Dans le présent arrêt, cette question n’était plus débattue puisque les juges avaient reconnu définitivement la faute inexcusable de l’employeur. Une expertise avait ensuite été ordonnée en vue d’évaluer les préjudices de la salariée. Une fois l’expertise déroulée, l’affaire revenait devant la Cour d’appel de POITIERS pour liquider les préjudices de la salariée.

En la matière, il convient de se reporter aux articles L. 452-1 et suivants du code de la sécurité sociale.

Plus particulièrement, en cas de reconnaissance de la faute inexcusable de l’employeur, le salarié bénéficie d’une majoration de son éventuelle rente qui lui a été accordée par la CPAM suite à son accident du travail ou sa maladie professionnelle.

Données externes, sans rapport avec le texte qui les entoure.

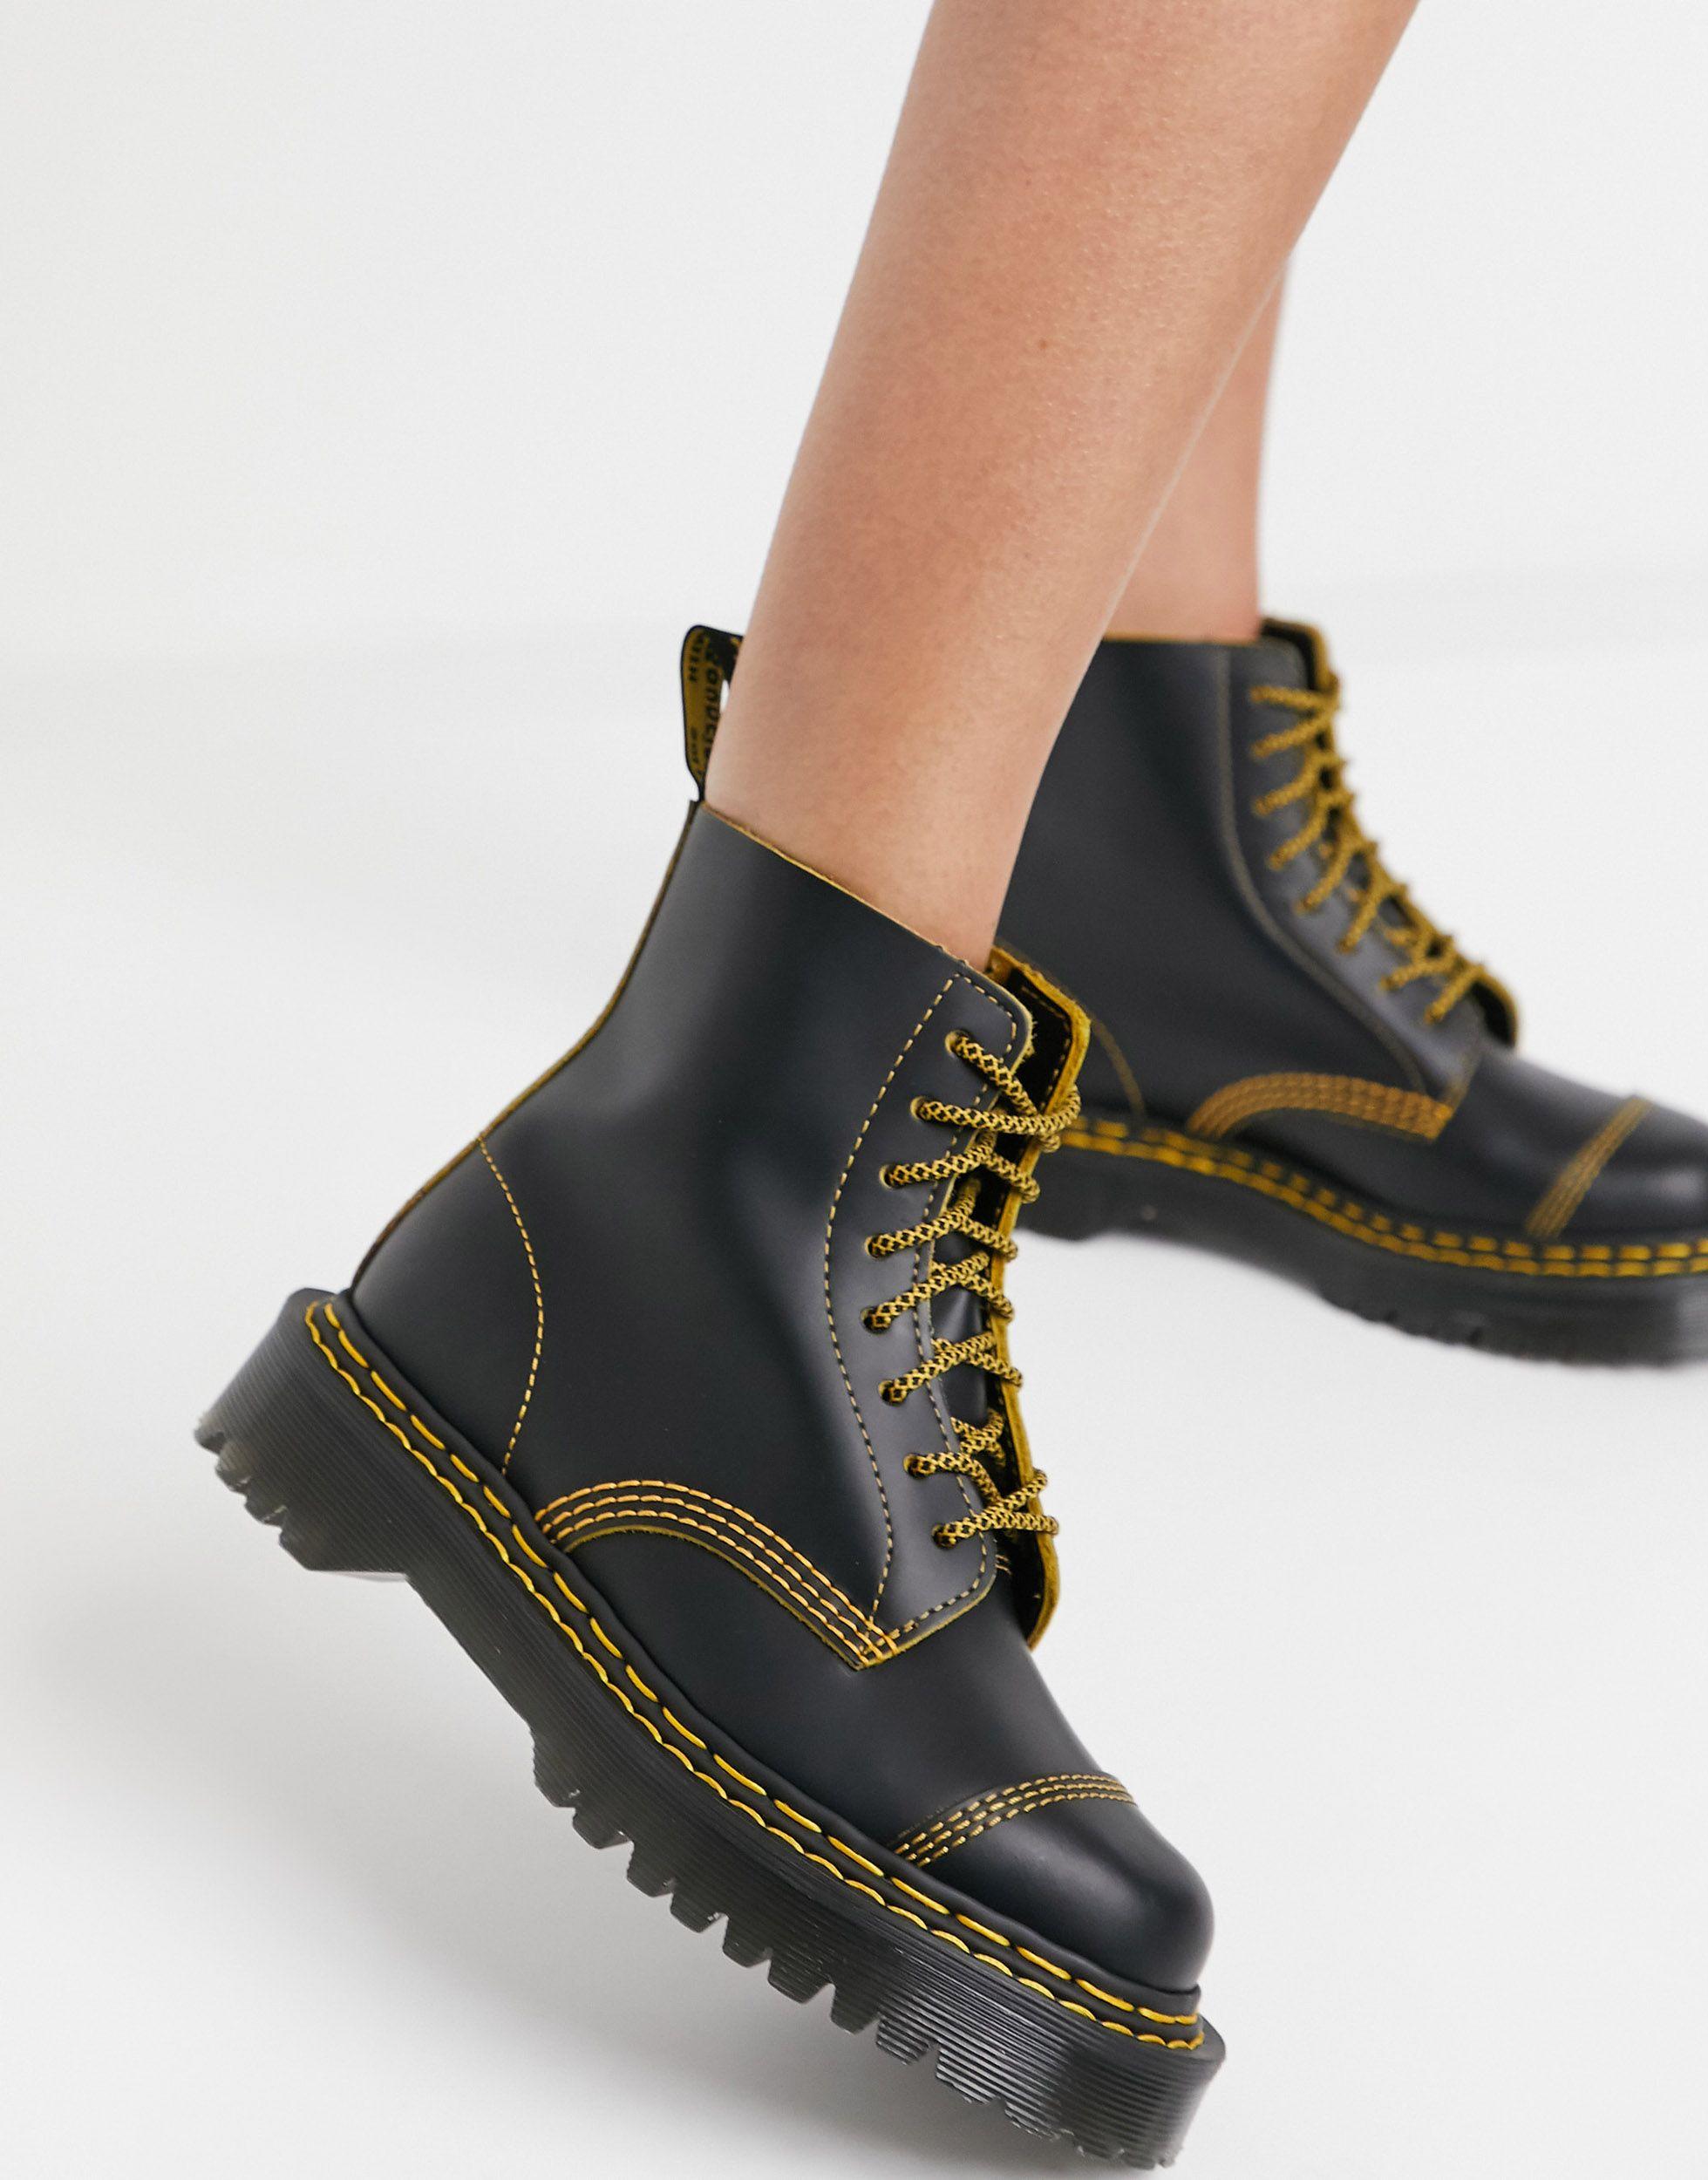 Dr. Martens 1460 Pascal Bex Double Stitch Boots in Black | Lyst

En pratique, cette majoration a pour effet de doubler le montant de la rente.

Par ailleurs, outre cette majoration, l’article L. 453-2 du code précité prévoit que le salarié est en droit de réclamer la réparation du préjudice causé par les souffrances physiques et morales par elle endurées, de ses préjudices esthétiques et d'agrément ainsi que celle du préjudice résultant de la perte ou de la diminution de ses possibilités de promotion professionnelle.

En listant ces préjudices, on pourrait croire que le salarié ne peut pas réclamer l’existence d’autres préjudices. Il n’en est rien puisque le Conseil constitutionnel a jugé que le salarié peut, devant la juridiction de la sécurité sociale, demander, outre la réparation des préjudices édictés à l’article
L. 452-3 du code de la sécurité sociale, la réparation de l’ensemble des dommages, y compris ceux non couverts par les dispositions du Livre 4 du Code de la Sécurité sociale et n'étant déjà pas pris en charge par l'assurance maladie (Con. const. 18 juin 2010, QPC n° 2010-08).


A la suite de cette décision, la jurisprudence de la Cour de cassation est venue peaufiner la liste des préjudices susceptibles d’être réparés suite à la reconnaissance d’une faute inexcusable de l’employeur.

Plus particulièrement, elle a jugé que le salarié est légitime à solliciter le remboursement des frais d'assistance de son médecin lors des opérations d'expertise (Cass. civ. 2ème, 18 décembre 2014, n° 13-25.839).

Outre le recours à un avocat pour la procédure judiciaire, le recours à un médecin est des plus opportuns pour disposer d’un avis éclairé sur les conclusions médicales de l’expert désigné par la juridiction.

La Cour d’appel de POITIERS ne fait donc qu’appliquer cette jurisprudence. Elle note ainsi que les frais d'assistance par un médecin conseil sont effectivement la conséquence directe de la faute inexcusable de l'employeur. Ne figurant pas parmi les chefs de préjudice expressément couverts par le livre IV du code de la sécurité sociale, ils ouvrent droit à indemnisation complémentaire en vertu notamment du principe de la réparation intégrale.

La Cour condamne donc l'employeur à rembourser au salarié les frais engagés pour se faire assister d'un médecin.  

Maître Florent LABRUGERE

Avocat au Barreau de LYON

 

N.B : On ne sait pas, au jour de la rédaction de ce billet, si l’arrêt est définitif et n’a pas fait l’objet d’un pourvoi en cassation.